Тогда я впервые остался с девочками один. С Надей, требующей омлет «как у мамы». С Кристиной и её любимым платьем, которое случайно прожег. Галя лежала на сохранении. Потом были экстренные роды и отделение для недоношенных. Я боялся за сына. Помню его в кувезе. Он лежал прозрачный, весь в трубках. Маленький инопланетянин, а не ребенок. Я стоял рядом и старался не дышать.
— Он будет жить?..
Я хотел добавить «полноценно». Слово больно царапнуло гортань.
— Состояние вашего сына стабильно.
Прошел месяц. Казалось, Галя навсегда застряла в бесконечной череде больниц. Наконец, она вернулась. Я ждал, когда станет как раньше. Долго. Почти полгода. Потом привык.
— Когда затянулся второй? — Губарев смотрит на меня поверх очков.

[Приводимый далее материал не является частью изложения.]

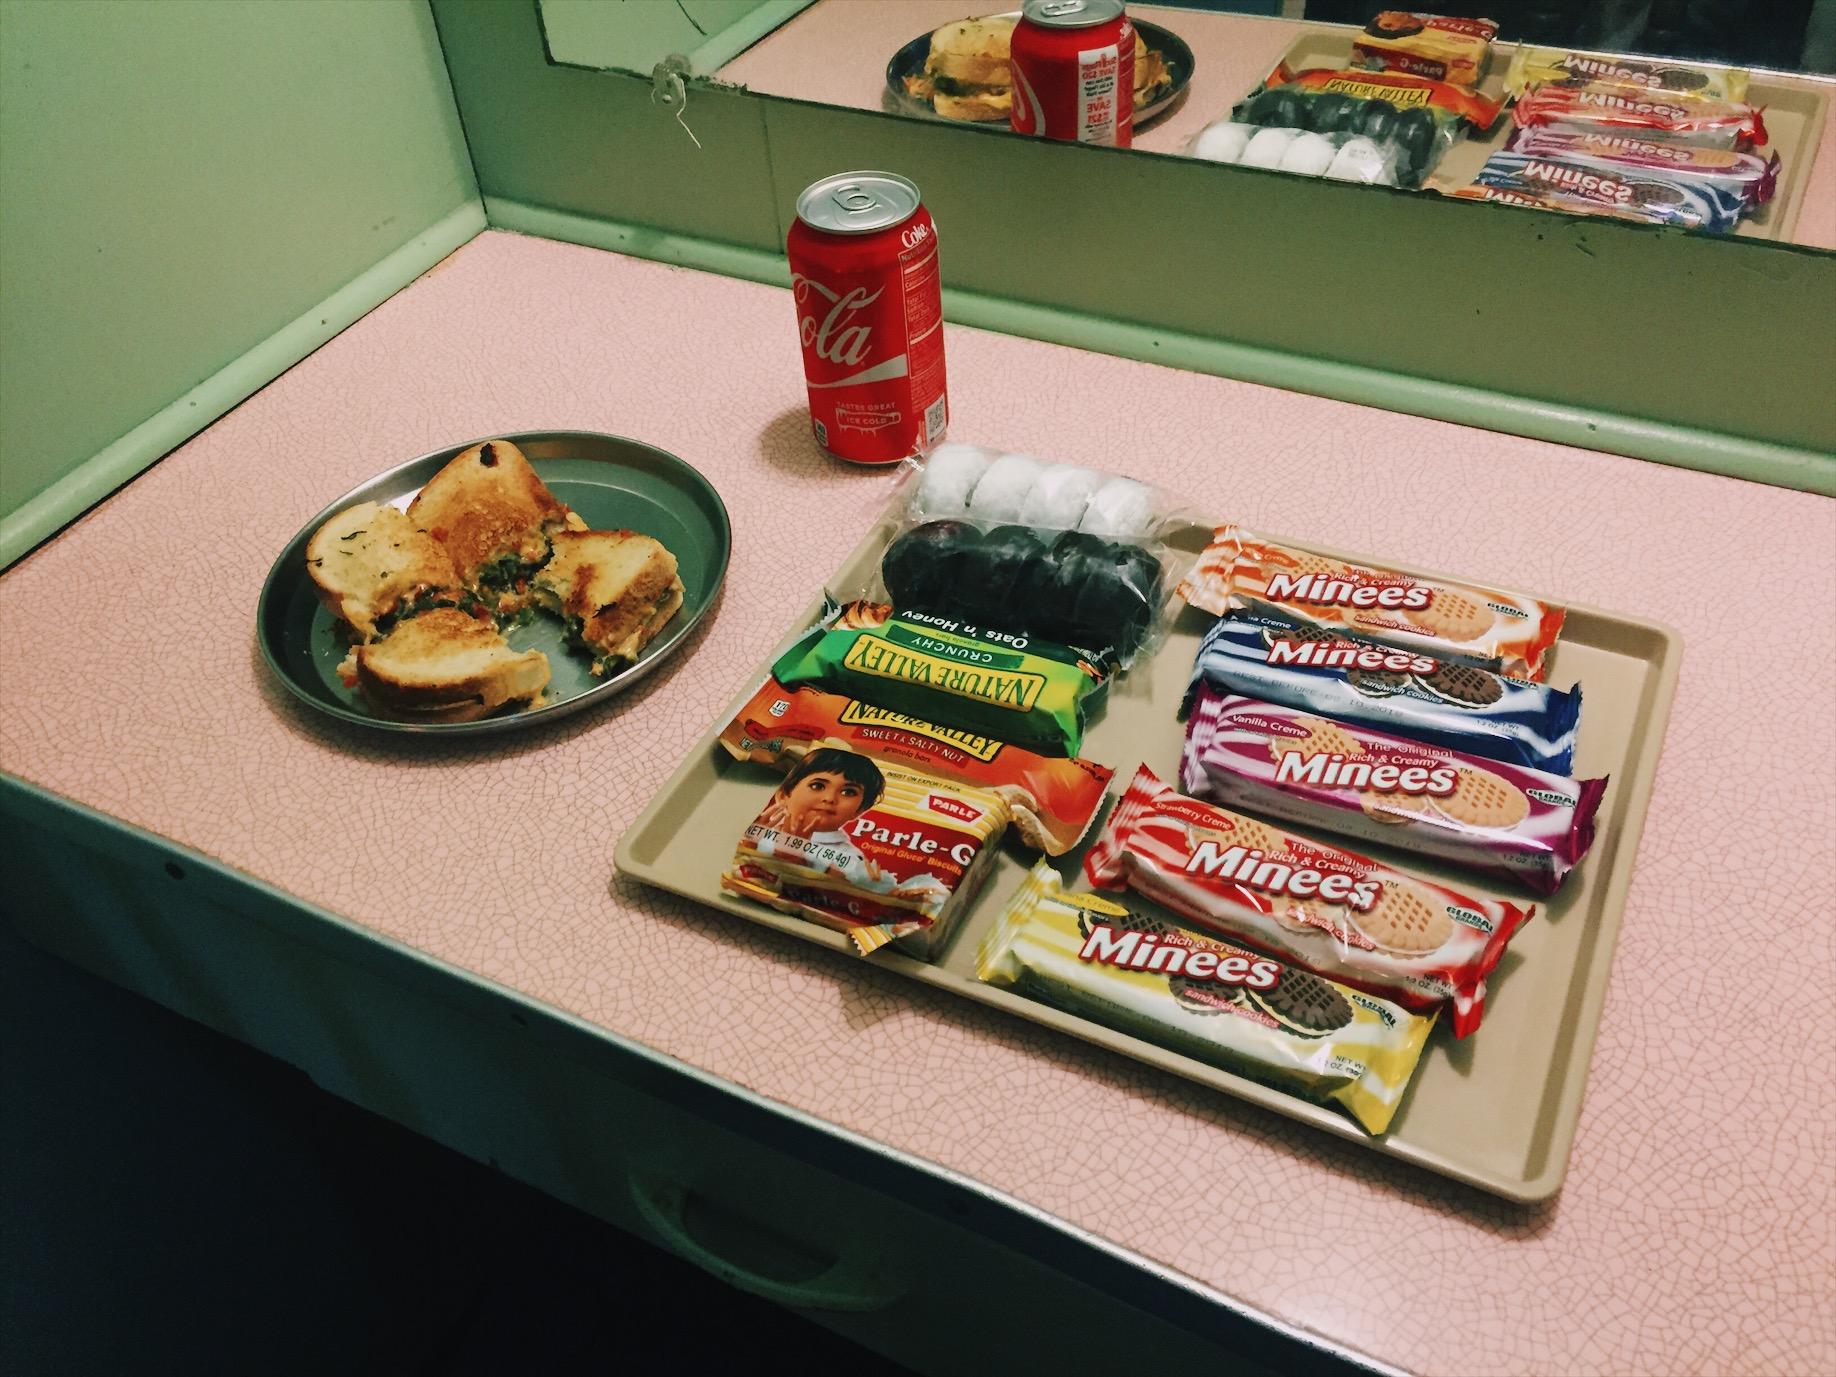 Snack tray, Budget Inn, Sanderson TX

Я хожу к нему больше месяца, но никак не могу распознать второй виток моей личной пружины. А ведь за это время я узнал о пружинах всё. О медных, стальных, титановых. Пружинах сжатия и растяжения. Иногда они выстреливают. Бывает, медленно расправляются под саунд из «Молчания ягнят». Изредка ломаются пополам. Такое бывает под гидравлическим прессом. Это прямой путь к самоубийству.

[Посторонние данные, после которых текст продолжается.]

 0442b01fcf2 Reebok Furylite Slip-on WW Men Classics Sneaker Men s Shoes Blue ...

— Сосредоточьтесь, — требует Губарев.
— Лёве было девять месяцев. — Я зачем-то вру про возраст сына. Цифры вязнут в моей памяти дохлыми мухами. Чтобы извлечь их оттуда, надо изрядно повозиться пинцетом.
— В тот день я вернулся домой поздно.
Лёва истерил в детской. Ему вторила Кристина. В прихожей на обоях расплывалось чернильное «Надя».

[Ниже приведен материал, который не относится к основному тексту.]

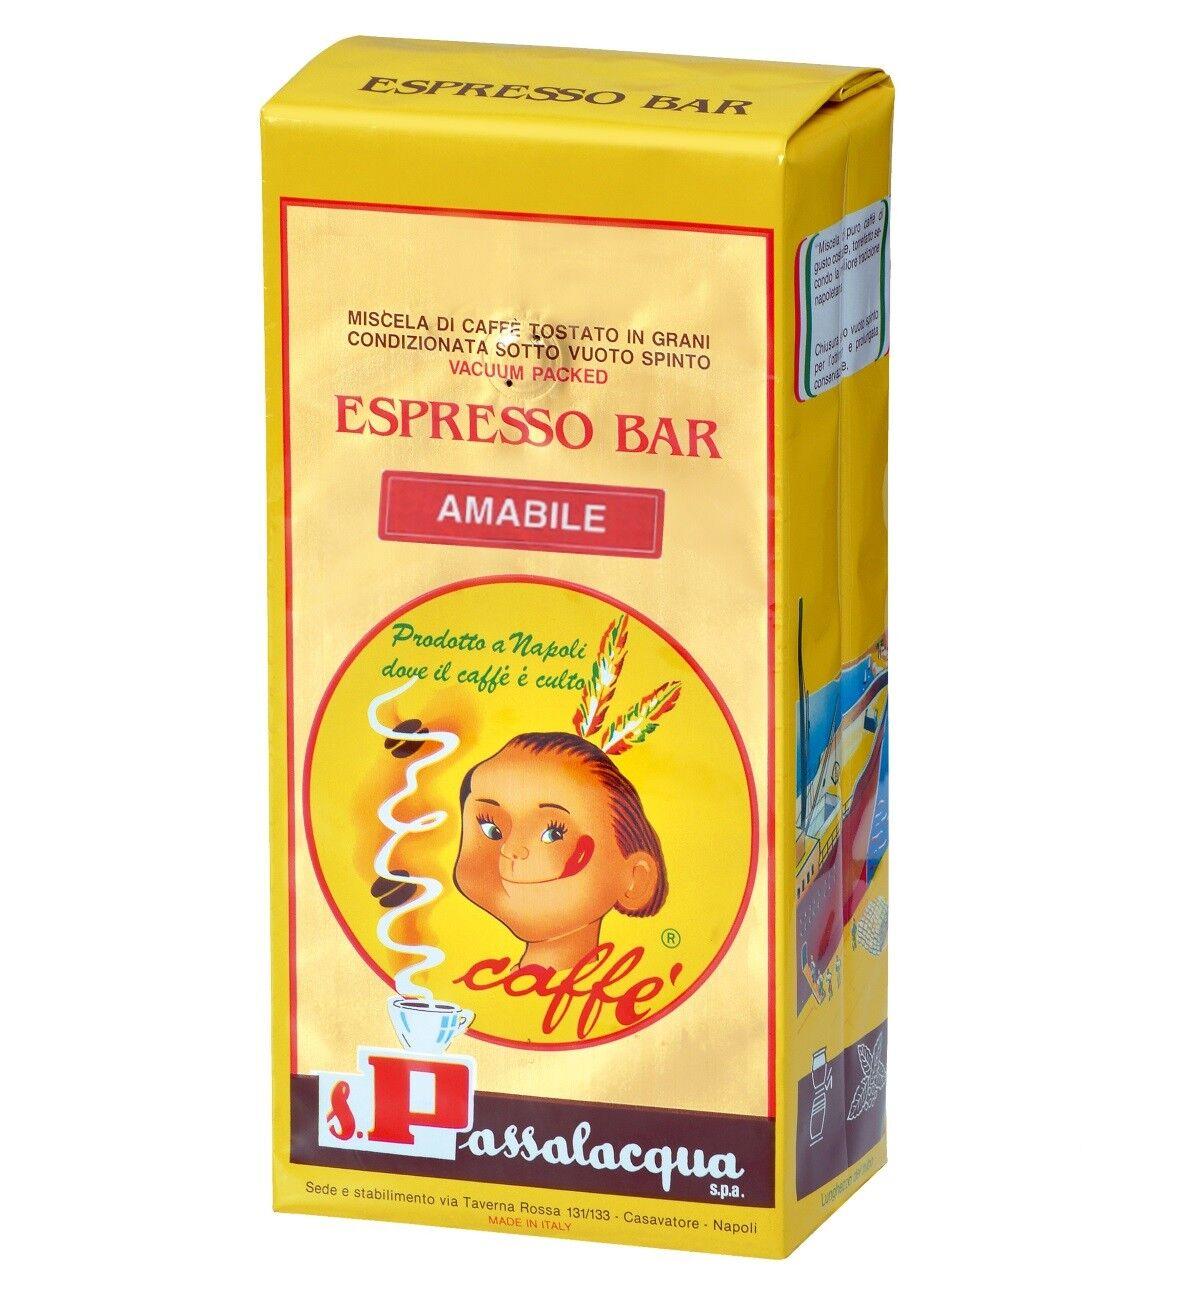 PASSALACQUA Amabile 6 X 1 KG Bohnen im Beutel

— Это нормально. — Галя выглянула из кухни. — Это нормально, Олег, понимаешь? Ей пять.
Я только пожал плечами.
— Ты молоко купил?
О подоконник ударились первые градины.
— Ты не просила.
— Ага, как же! Я тебе писала в ватсап! Ты вообще понимаешь, как сложно с тремя детьми в магазин сходить?! Одень всех, коляску без лифта спусти, сумки тащи! И я всего лишь попросила тебя купить мо-ло-ко! Ты понимаешь вообще, о чем я говорю?! Сложно, что ли, перед выходом в телефон заглянуть?!
— Сейчас схожу.
— Сходит он! Да ты видел, что снаружи творится?! Кошмар!
Я развернулся к двери.
— Внутри тоже кошмар…
— Вы произнесли это вслух? — Губарев удовлетворенно кивает. — Вам стало легче?
Вслух? Нет. Конечно, нет. Я этого не сказал.
— Хорошо… Вспомните самый острый момент ваших отношений с женой.
— Переговоры. Да… Это были переговоры.
Мой телефон рвали на части одновременно в трёх мессенджерах.
«Олег Павлович, уточните дату поставки».
«Олег, документы завтра в офис подвезти?»
«Курьер с накладной выехал, встретишь?»
— Олег, поменяй Лёве подгузник. Сейчас.
Галя всегда добавляла это «сейчас», когда просила меня о чем-то.
— Папа, она мне фломастер не отдаёт!
«Олег Павлович, срочно уточните дату!!!»
— Олег, ты оглох? Лёва плачет. У меня суп на плите!
— Папа, ну папа!!!
Я сидел за кухонным столом и рылся в рабочей почте в поисках клятых дат. Галя поставила передо мной кружку. Помню её лицо. С таким выражением подливают мышьяк богатому дядюшке.
— Дальше, — торопит Губарев.
— Она забрала у меня из рук телефон и утопила в чае. В зелёном. Моём любимом.
— Что сделали вы?
— Я? Поменял подгузник.
— М-м… Как у вас было наедине? Вы бывали наедине?
— Наедине — это значит, вдвоем? Без детей? — уточняю я.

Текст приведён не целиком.